I won't have a book for December now, I don't think. It will be some sort of miracle if I do! That's the hardest to come to terms with. I can rewrite a book, I can edit again and again, over and over, until it can be a book suitable for publication. I just don't want to be sitting idle for months on end, and even though I write every day, I've had the world make me feel like I'm sitting idle just because I'm not out in the "real world" working full time. I'm not. I have to remember that. I'm working every day towards my ultimate dream. I'm not letting that dream be swayed, or burn out. I'm chasing it, working towards it, and I'm working hard. The hardest lesson I've learnt over 2018 is that just because you're not up and physically productive, does not nullify anything you do whilst sat down, working. Progress is progress, and it happens to different people in different ways. As someone handling a dream job where I work at it in my bedroom, in comfort, its hard to accept that as progress when I have a day job that requires me to be professional and literally stood at a desk for eight hours, on my feet, physically there. That's my own problem, I'll deal with that, not let anyone else tell me that writing isn't a real job, or a real thing, or enough.

So what's happening with my book? It's getting a brand new rewrite. Its slowly becoming a better story to tell. Every word will still come from a personal place but it won't be sensitive anymore; it will be a story worthy of any interested reader. For now, I'm taking down all my promotions because they exist for something non-existing right now, and I'm taking down my Goodreads information. I was hasty and excited with everything else.

All I can do is write and wait, and edit and wait, and hope that I have support backing me, even if my promotion time will be much shorter.


Wednesday, 11 July 2018

Camp NaNoWriMo July 2018

I'm writing this on Day 11 of Camp, so I'm a little late!

My experience so far is going really, really well.

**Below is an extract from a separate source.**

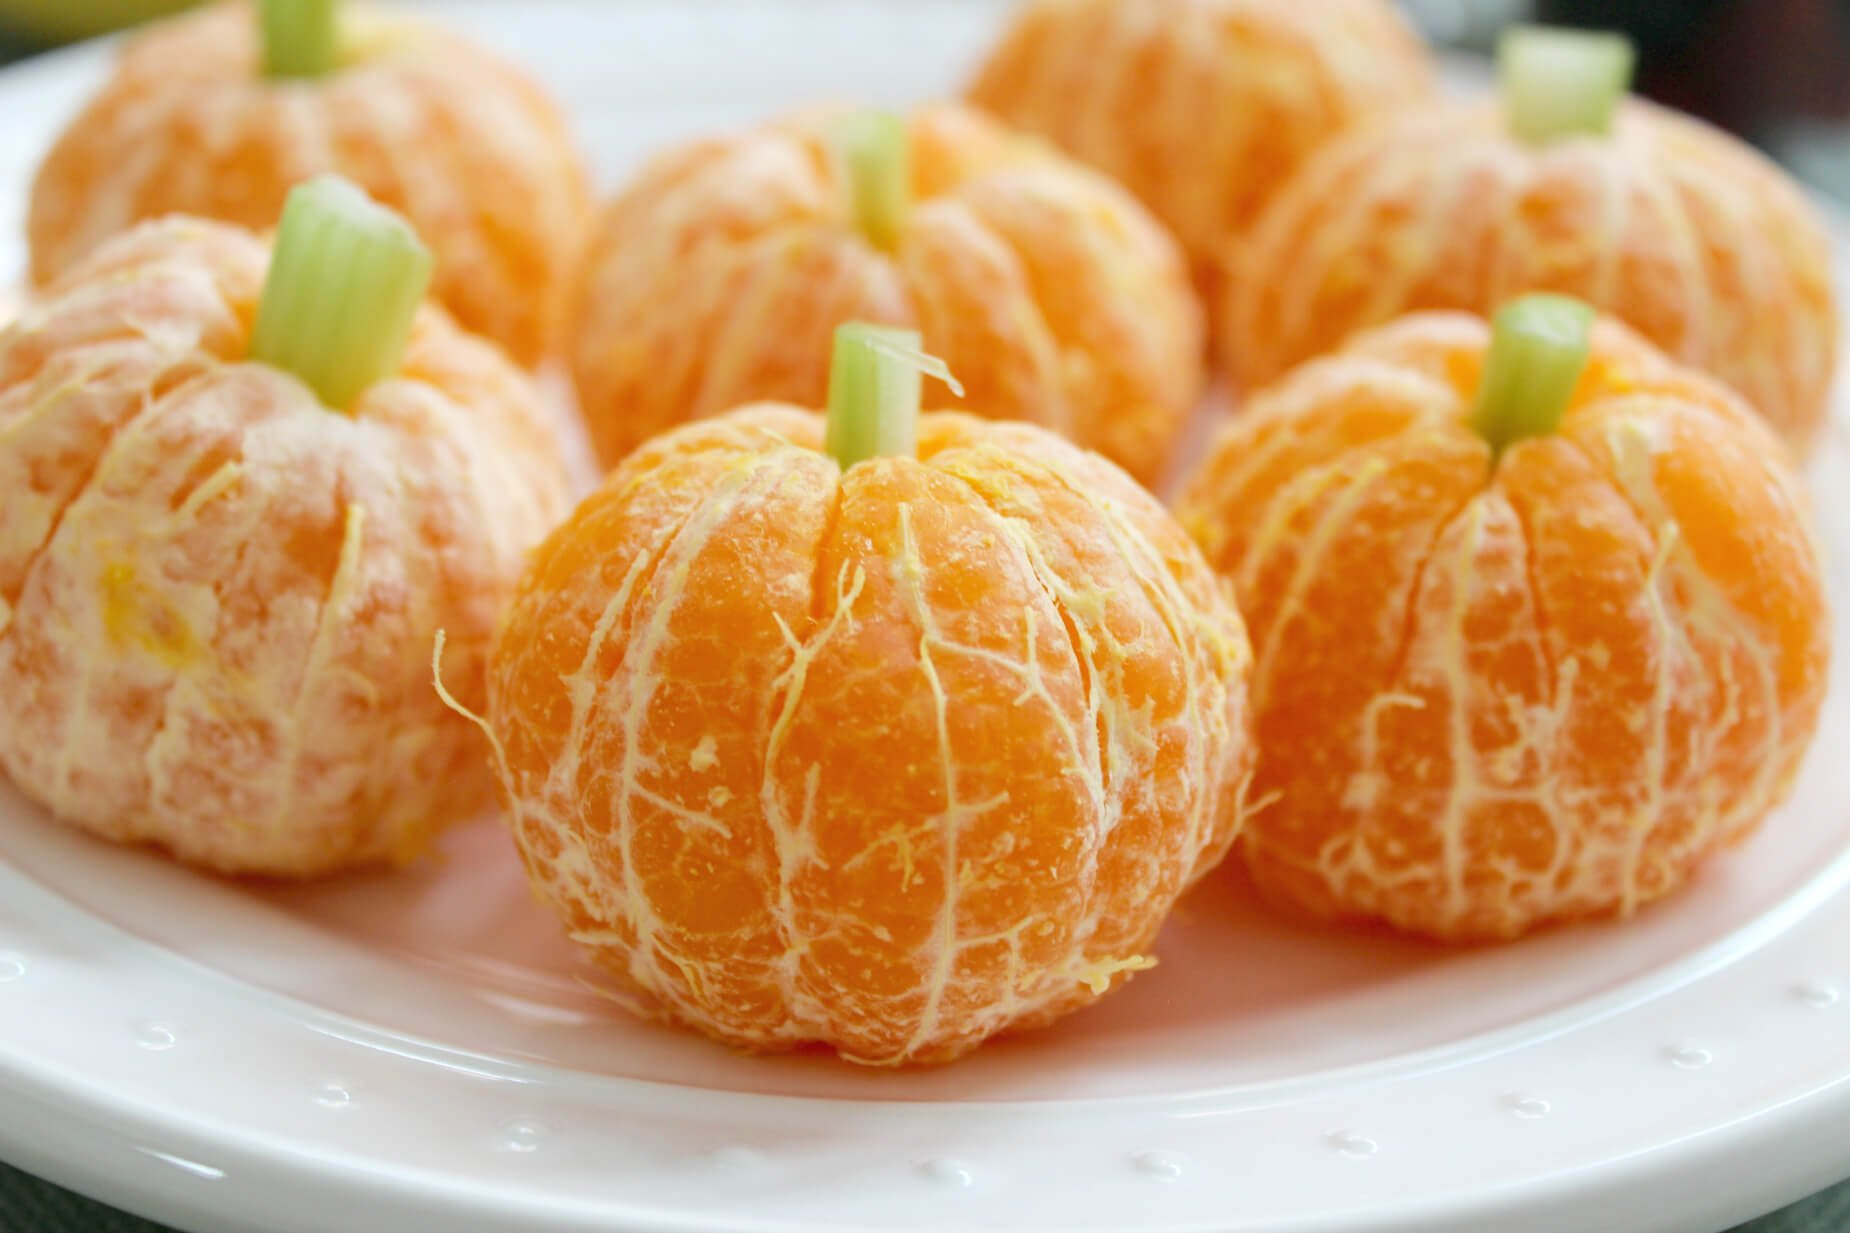 Friendly Clementine Pumpkins for Halloween

Better than any of my previous attempt at NaNo. I was a little contemplative over entering this month due to my April NaNo. I completely failed, bailed, and then cried wimpishly at myself.

I can recognise why I failed: I didn't dedicate enough thought to my story. I outlined it but everything was like a spider web and rather than being the spider, I was the fly--caught, trapped, unsure which  way was forward. I didn't know what to do in my tangles of words. I think I barely got to 11K in three weeks. It just didn't work for me - and as someone who prides themselves on word counts, I struggled with that.

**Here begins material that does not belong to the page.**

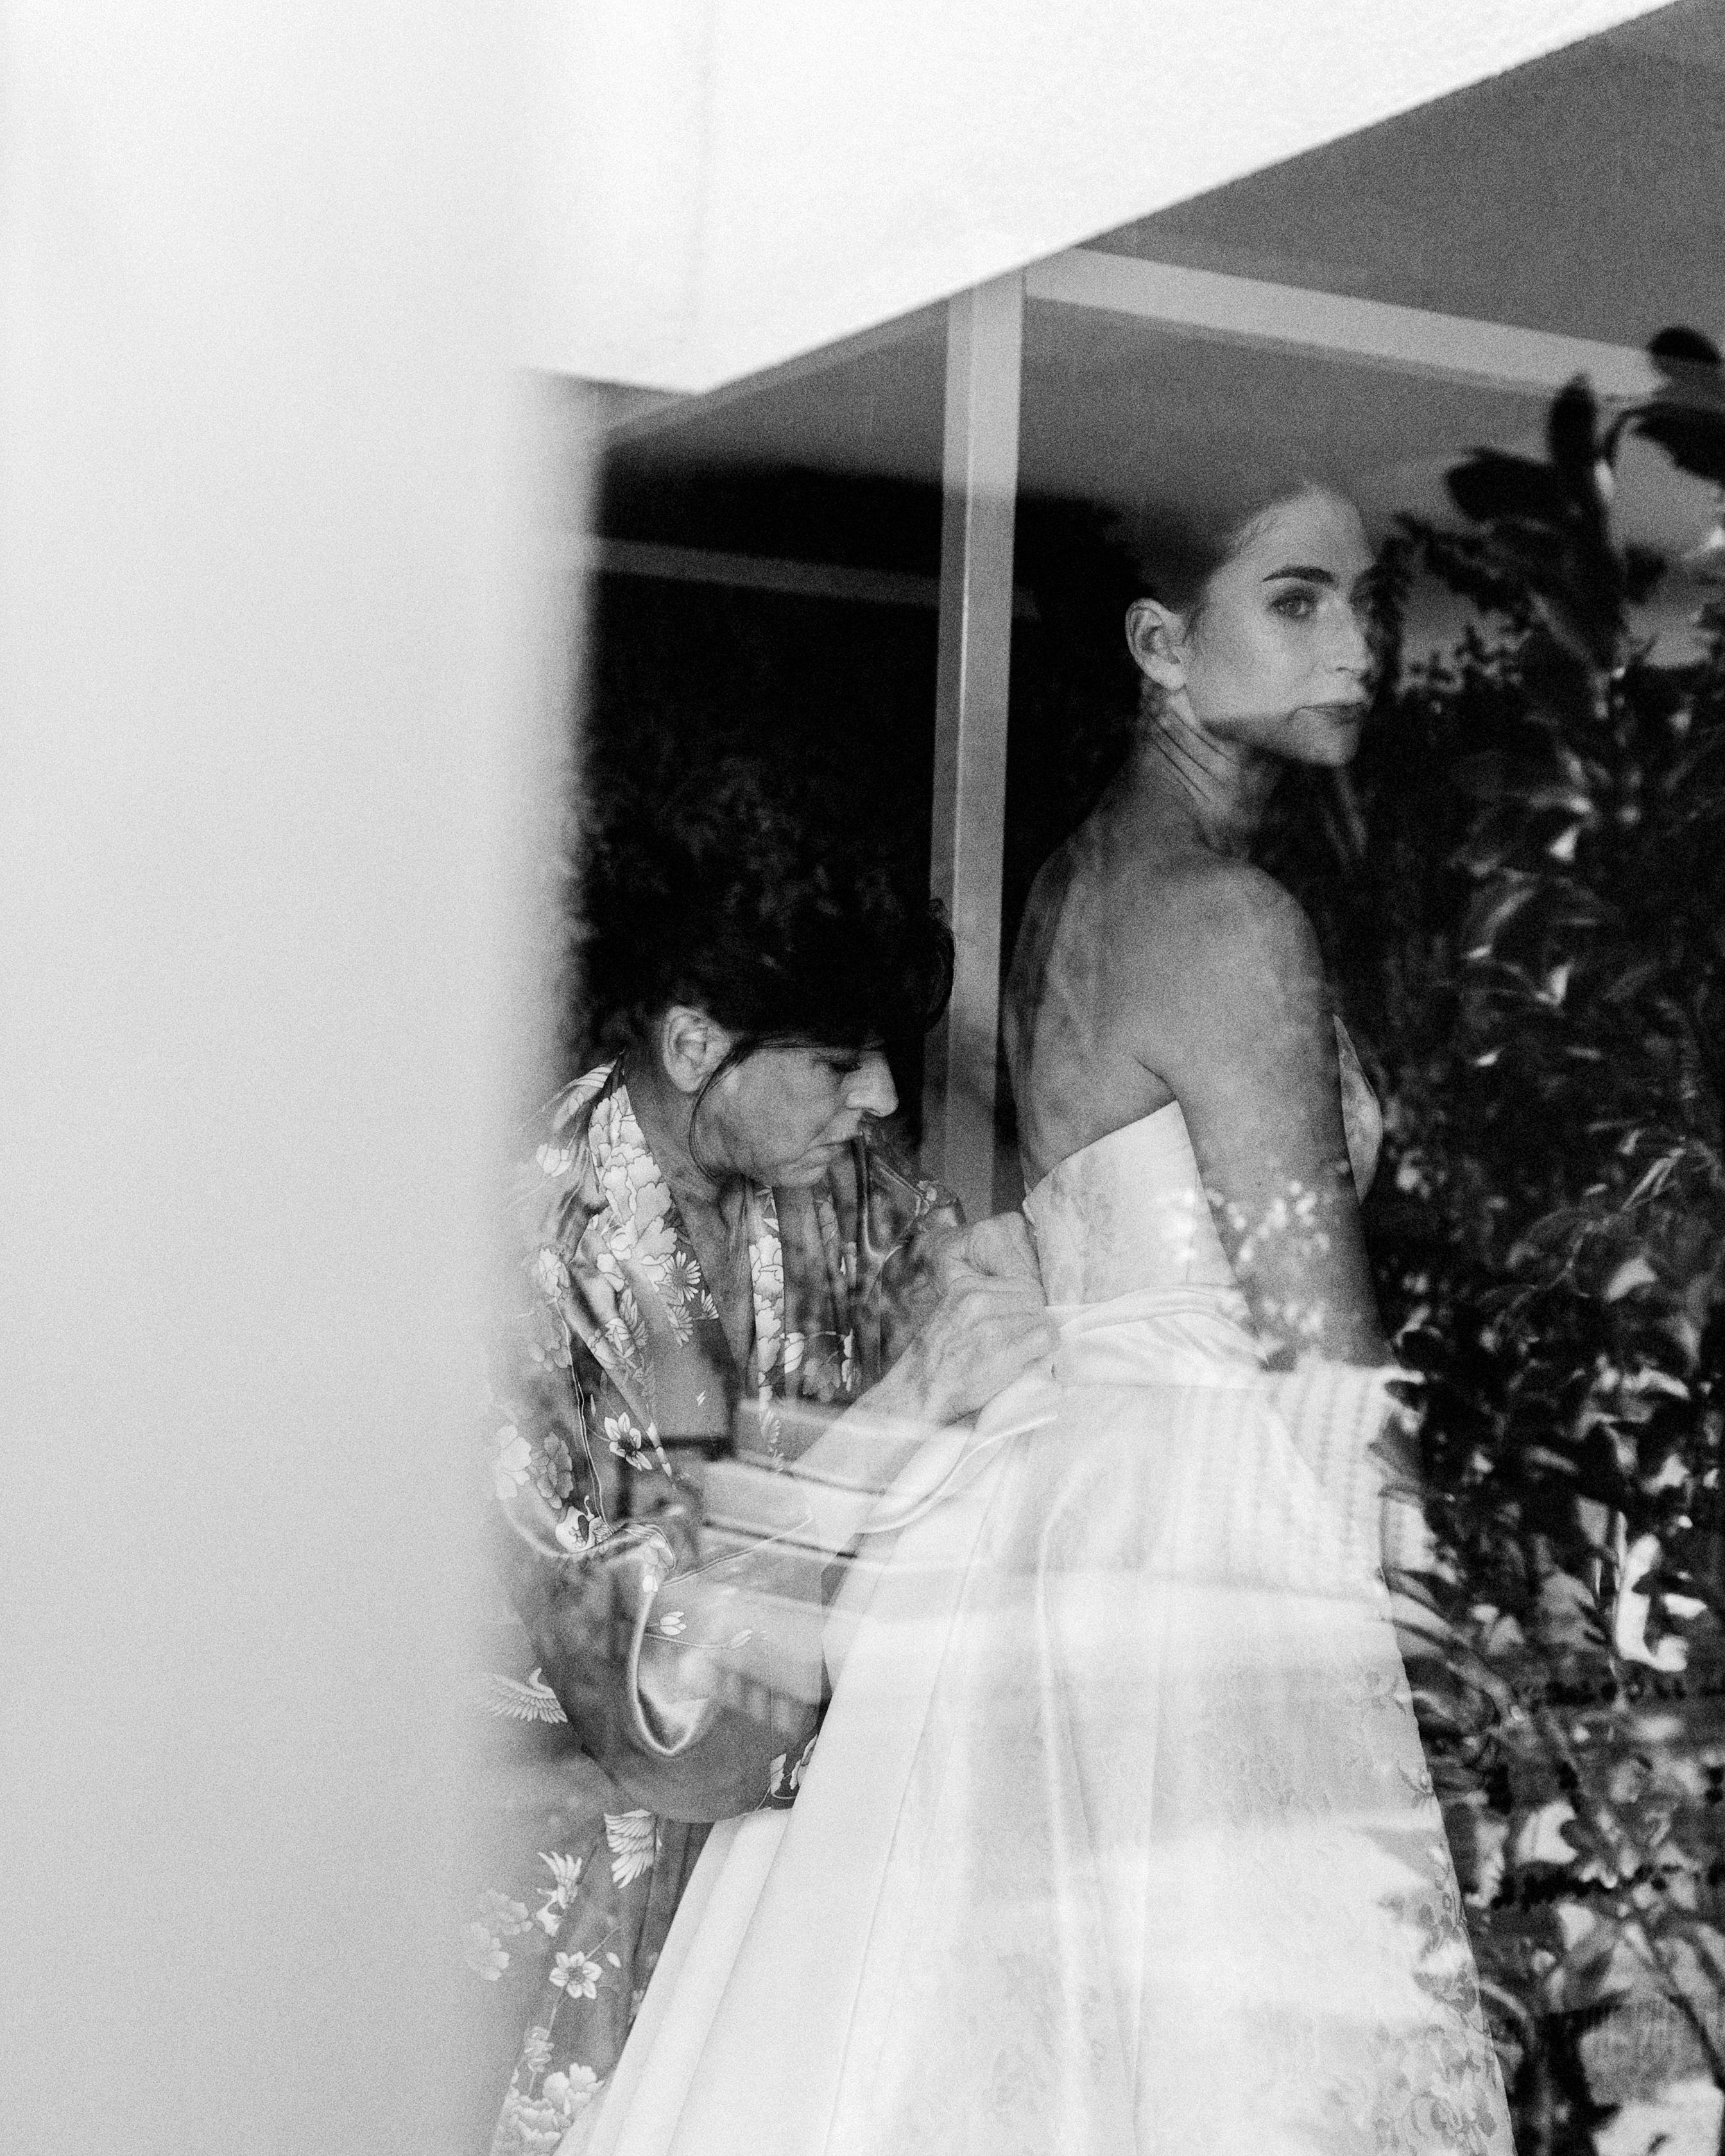 mia patrick wedding bride getting ready black and white

At the time, I was trying out several different manuscripts - none of them were quite clicking to work with me. Nothing was coming out right on the page. So I took a long, long break from writing. I worked on my TBR pile instead and tried to find the story out there waiting for me to reclaim my writing. I read avidly, knowing I wouldn't find my answer in books but knowing it would distract my brain from overthinking the problem.

Eventually, it hit me. I wanted a story with the more relaxed ruling of Lords; I wanted another female-centred cast, and I wanted adventure. My world-building absolutely sucks so this new story had to test that. Had to build on my lacking skills rather than run from them. During my long break from my laptop, I picked up a fresh notebook and began visualising my new story. Character names came swiftly; they all fit the images I had in my head. The world they all lived in fleshed in my mind; the layout and system of the world came to me. I took my notebook to work with me, as well as on holiday, and planned like I'd never quite planned before. With over 50 pages just in notes alone, I came back from my holiday in time for Camp, feeling determined and insistent that I could succeed.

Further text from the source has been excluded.